BERCUHİ BERBERYAN

Bercuhi Berberyan

KAPLUMBAĞA

Kocan, baban ya da abin yoksa yandın

Bu hafta birkaç konu arasında kararsızca gidip gelirken, bilgisayarımın sağ alt köşesinde, mail kutuma pıt diye bir okuyucu mesajı düştüğünü gördüm. Başlığımı atmadan, ne dürttüyse beni, önce onu okumaya karar verdim. Aman Tanrım! Ben bunu yazmadan duramam. Hemen cevaplayıp, olduğu gibi yazma izni istedim. Anında cevap geldi: “Adımı açıklamayacağınıza güvenerek izin veriyorum. Yazın bunu. İbrettir.”

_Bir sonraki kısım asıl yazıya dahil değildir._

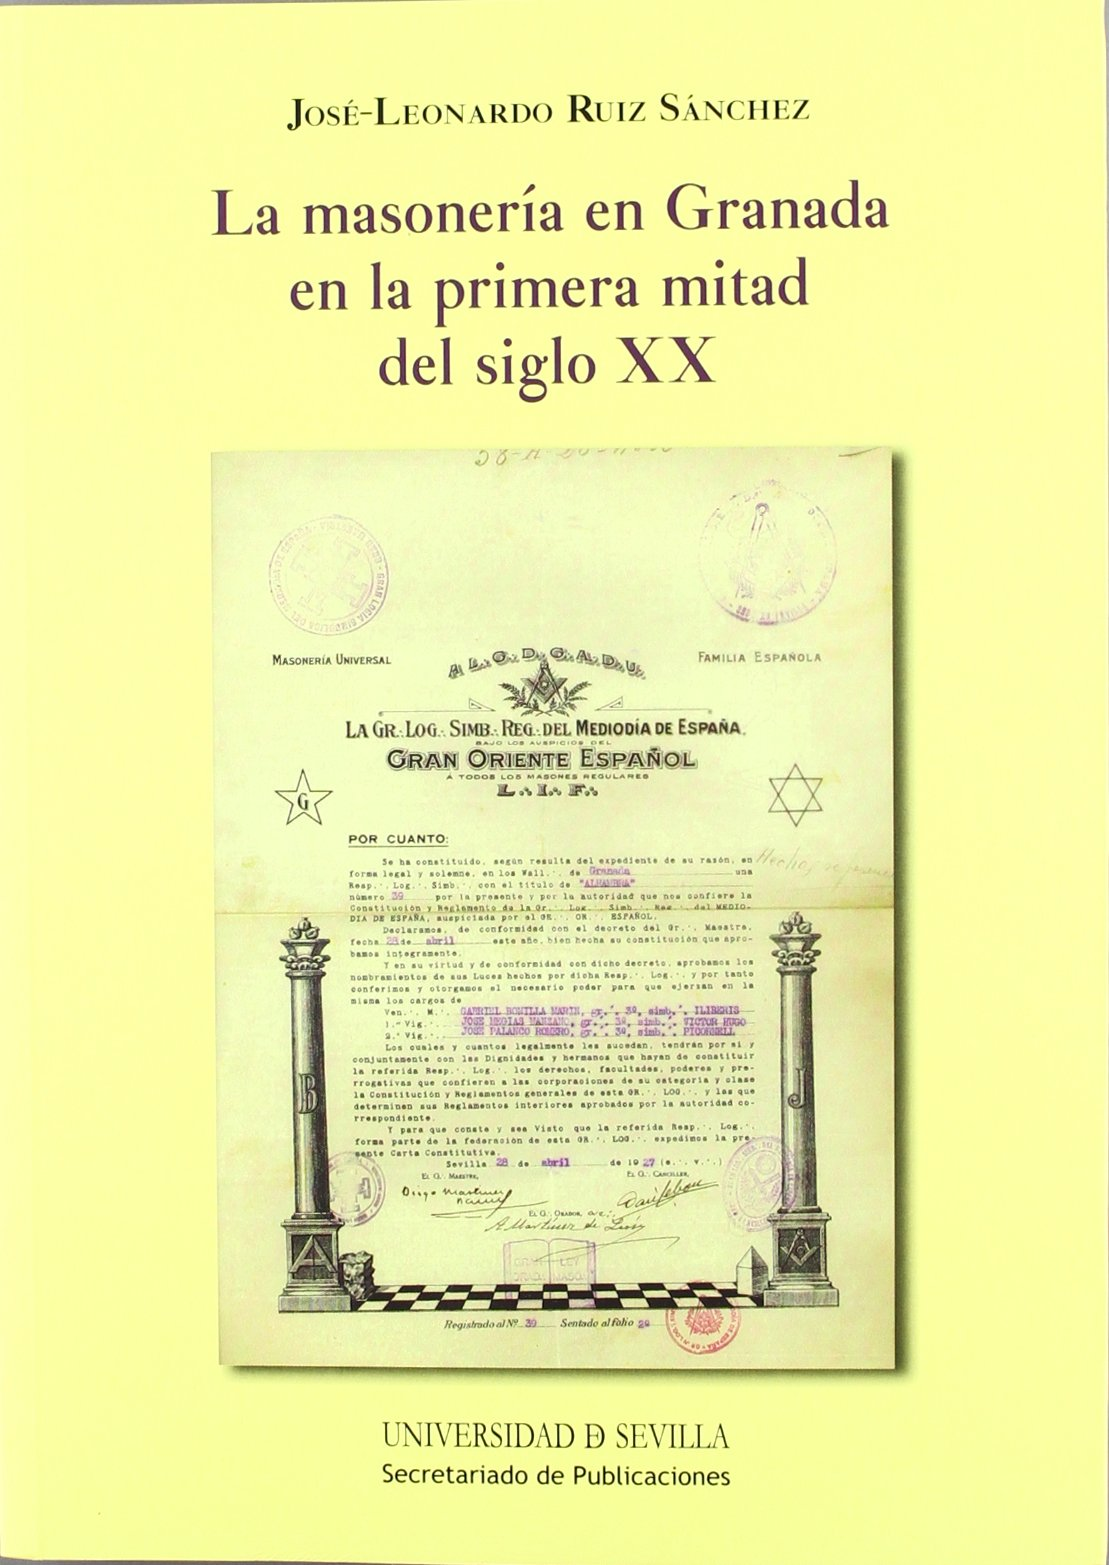 La masonería en Granada en la primera mitad del siglo XX: 225 Historia y Geografía: Amazon.es: Ruiz Sánchez, José-Leonardo: Libros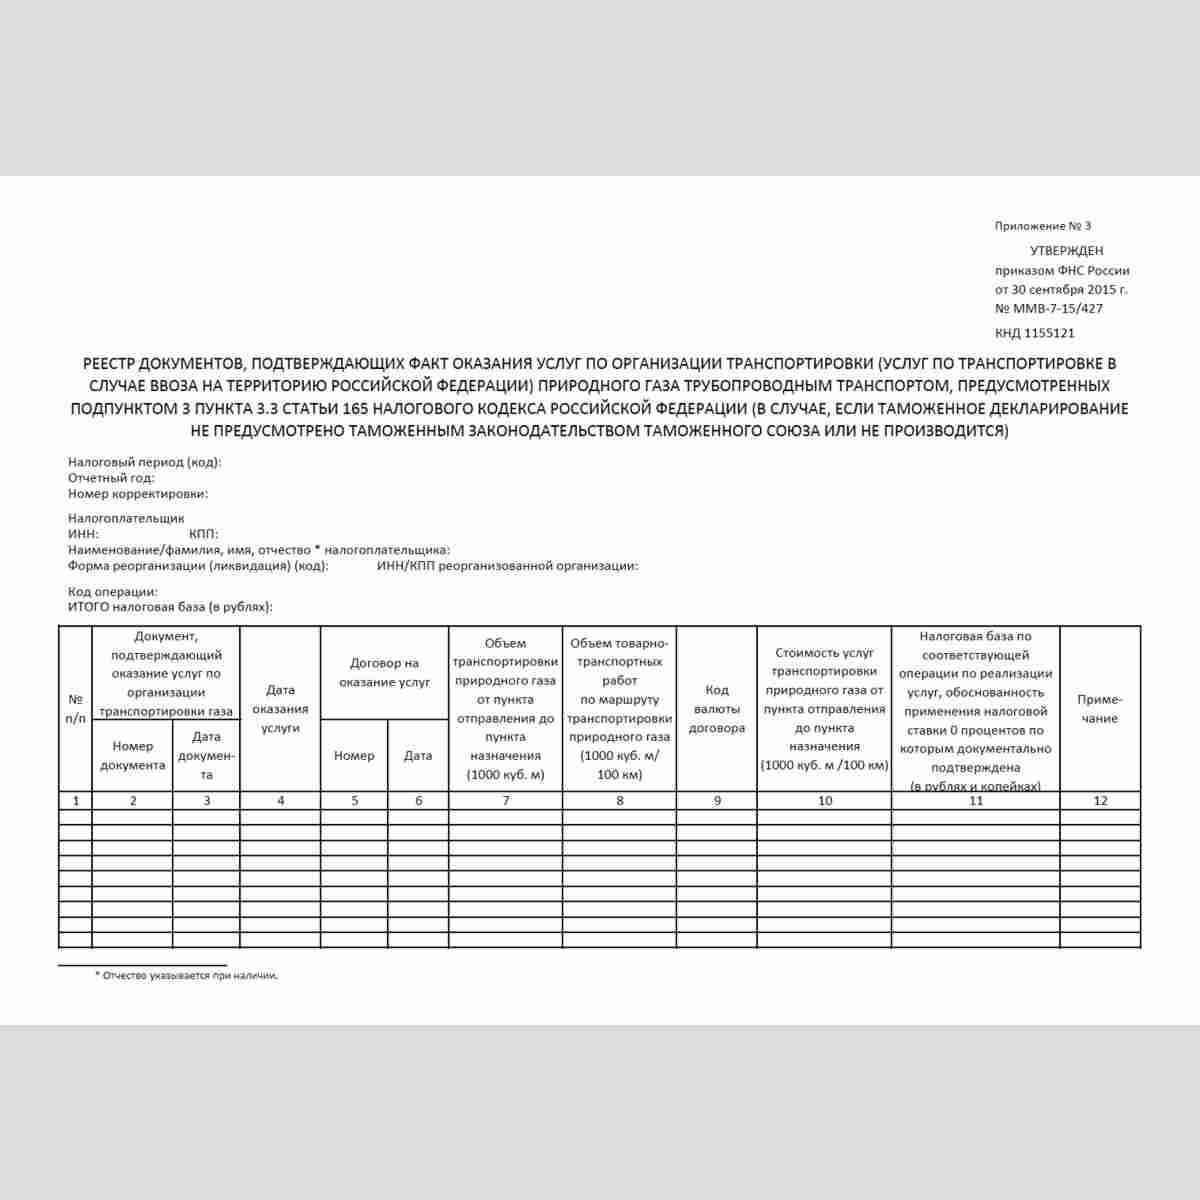 """Форма КНД 1155121 """"Реестр документов, подтверждающих факт оказания услуг по организации транспортировки (услуг по транспортировке в случае ввоза на территорию Российской Федерации) природного газа трубопроводным транспортом, предусмотренных подпунктом 3 п"""

Ülkemizdeki kişisel özgürlükler söz konusu olduğunda, sıkça başvurduğum örneği tekrarlayacağım burada. Okumadıysanız, lütfen George Orwell’in ‘1984’ adlı kitabını okuyun. Üşenirseniz, internette bir dolu bilgi var, hatta özeti bile var. Biz tastamam oraya doğru gidiyoruz. İletiyi aynen alıyorum. Kararı siz verin.

“Gazetenizi okuyorum. Yazılarınızı içten buluyorum ve seviyorum. Bir sayınızda değinmiş olduğunuz konuyla ilişkili olarak, kimselerle dertleşemediğim bu sıkıntımı sizinle paylaşmak geldi içimden.

46 yaşında bir kadınım. Eşimi on yıl önce, elim bir kazada kaybettim. Büyük bir aşkla evlenmiştik. O ölünce ben de ölmek istedim. Ama iki tane kızım vardı. Onlar benim yaşama sebebim oldular. Babalarının eksikliğini hissetmesinler diye ne lazımsa yaptım. Canımı dişime takarak, gece gündüz iki işte birden çalıştım. Yıllarca gözyaşlarımı onlara göstermeden yas tuttum. İkisini de okuttum. Biri üniversiteyi bitirmek üzere, diğeri üç yıl önce bitirdi ve iyi bir kariyeri var. İyi ve özgüvenli birer insan olarak yetiştiler. Şimdi artık bana destek oluyorlar. Üç kadın, üç can yoldaşı, üç dost olarak örnek bir hayatımız var.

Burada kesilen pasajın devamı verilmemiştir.